Director: Joseph Gordon-Levitt
Writer: Joseph Gordon-Levitt
Stars: Joseph Gordon-Levitt, Scarlett Johansson, Julianne Moore
For me, Joseph Gordon-Levitt’s directorial debut came as a smashing surprise. Sure, it’s about porn, but there’s more to it than just sex. It’s about modern day love and attraction. It’s about addiction. It’s about growing up and becoming a man, whatever that means.
Let me start off by saying that I don’t know why it has taken me so long to watch this movie. After recently seeing Under the Skin (review to come soon), it seemed like an interesting follow-up. It just so happens that the voluptuous and dominating Scarlett Johansson stars in both films. But more importantly, both films feature females as a luring device for men. That is not to say that a surreal, sci-fi mind-bender like Under the Skin bears any resemblance to the amped-up in-your-face realism of Don Jon.
The film is advertised in trailers as a pure entertainment piece. It promises porn, masculinity, and Jersey Shore accents. But from the film’s opening, which features stills and clips of over-sexualized women from various media sources, we know that Gordon-Levitt has a different agenda. The young director hooks his audience with graphic images, allowing us to see through Don Jon’s eyes, and keeps our attention as he reveals his satirical purpose.
Don Jon, the main character, is a slick player who treats women like inanimate objects and seems to live off testosterone alone. He lives his life in a series of rituals: everything from attending church to seeing friends and family is calculated. He owns his own life, until Barbara Sugarman (played by Scarlett Johansson) enters the picture. Temptation and sex appeal take control, and Jon finds himself doing anything that Barbara desires just to get into bed with her. Of course, it turns out that Barbara is using Jon as much as he is using her. This is not a one-sided love story. In fact, it’s not much of a love story at all.

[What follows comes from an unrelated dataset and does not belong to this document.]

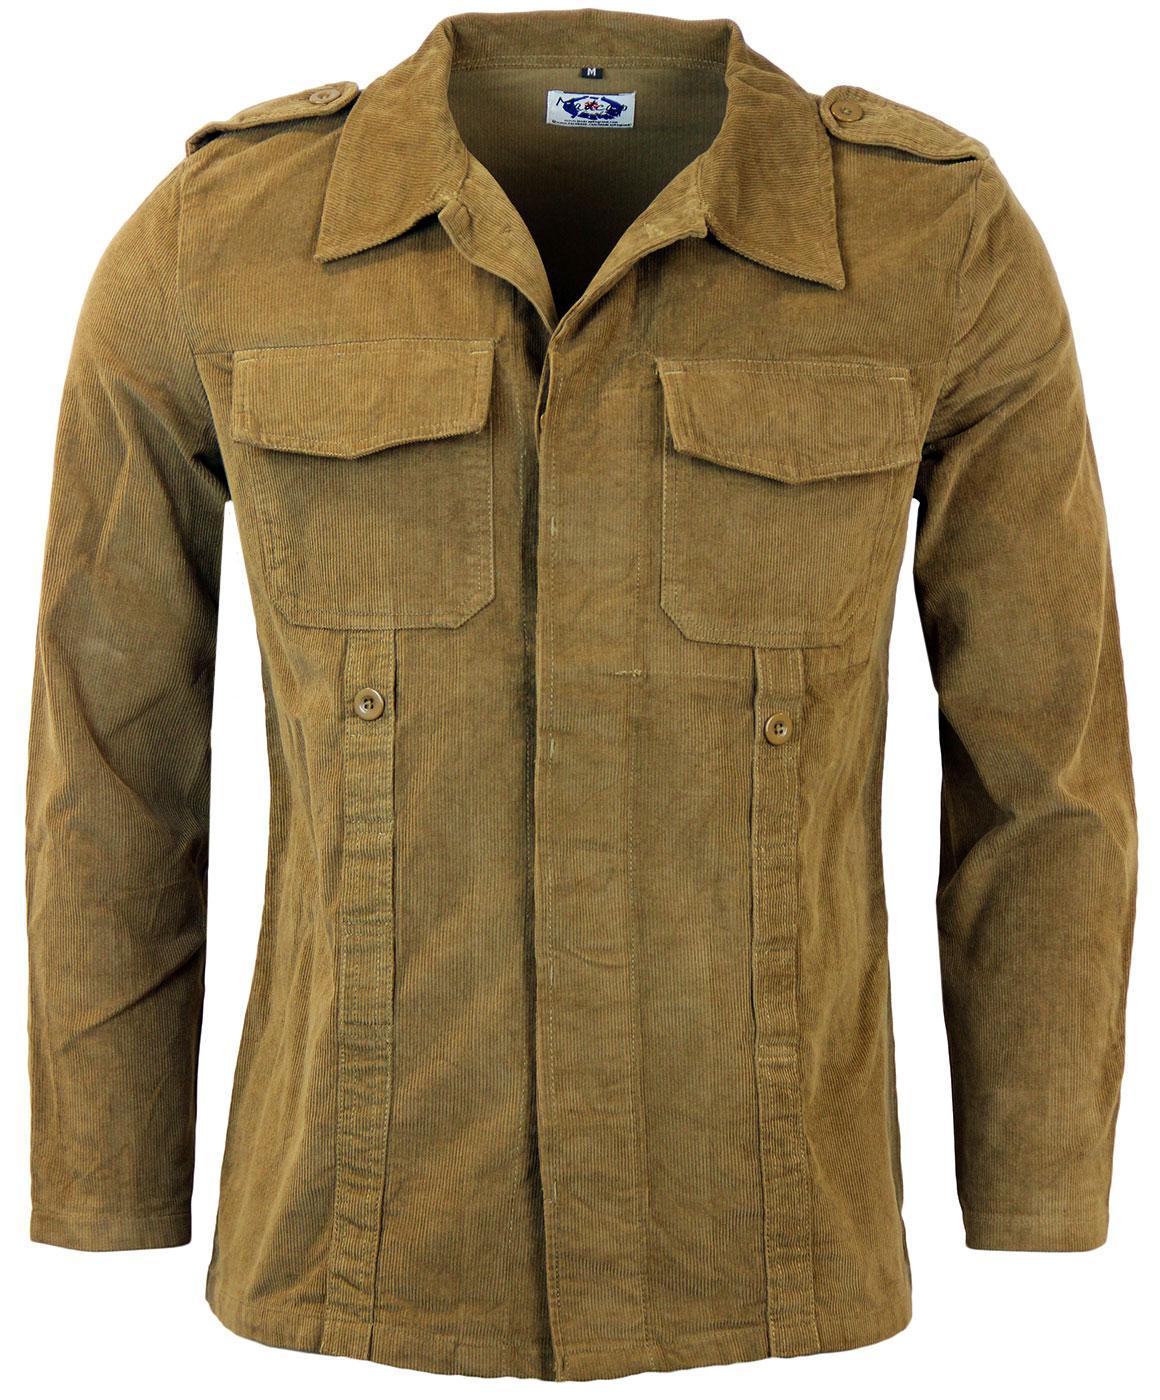 Original 60's green cord jacket s3ox9

The screenplay and camera work are kept relatively simple, which is expected for a film like this. Any sexist or crude remarks I can chalk up to extremist characters and the film’s satirical nature. The narration is straight and to-the-point. Many of the shots are filmed in flat light, with grey tones, consistent with the film’s mood. However, many of these components change when Esther (played by Julianne Moore) enters Jon’s life.
Moore’s performance is wonderful, as always, but it feels as though her character’s entrance into the storyline is too little too late. Gordon-Levitt rushes the title character’s transformation, and the result is somewhat phony and confusing. By the end of the film, it’s obvious that the actor-director has bitten off more than he can chew; his thematic ambitions outweigh the limitations of his primitive script.
As a rookie in the film production business, Gordon-Levitt deserves a free pass. After all, he created a film that was refreshingly open, raw and admittedly very engaging. He makes you listen, a feat that would earn any established director bragging rights. But unlike his arrogant main character, Joseph Gordon-Levitt would humbly accept the praise.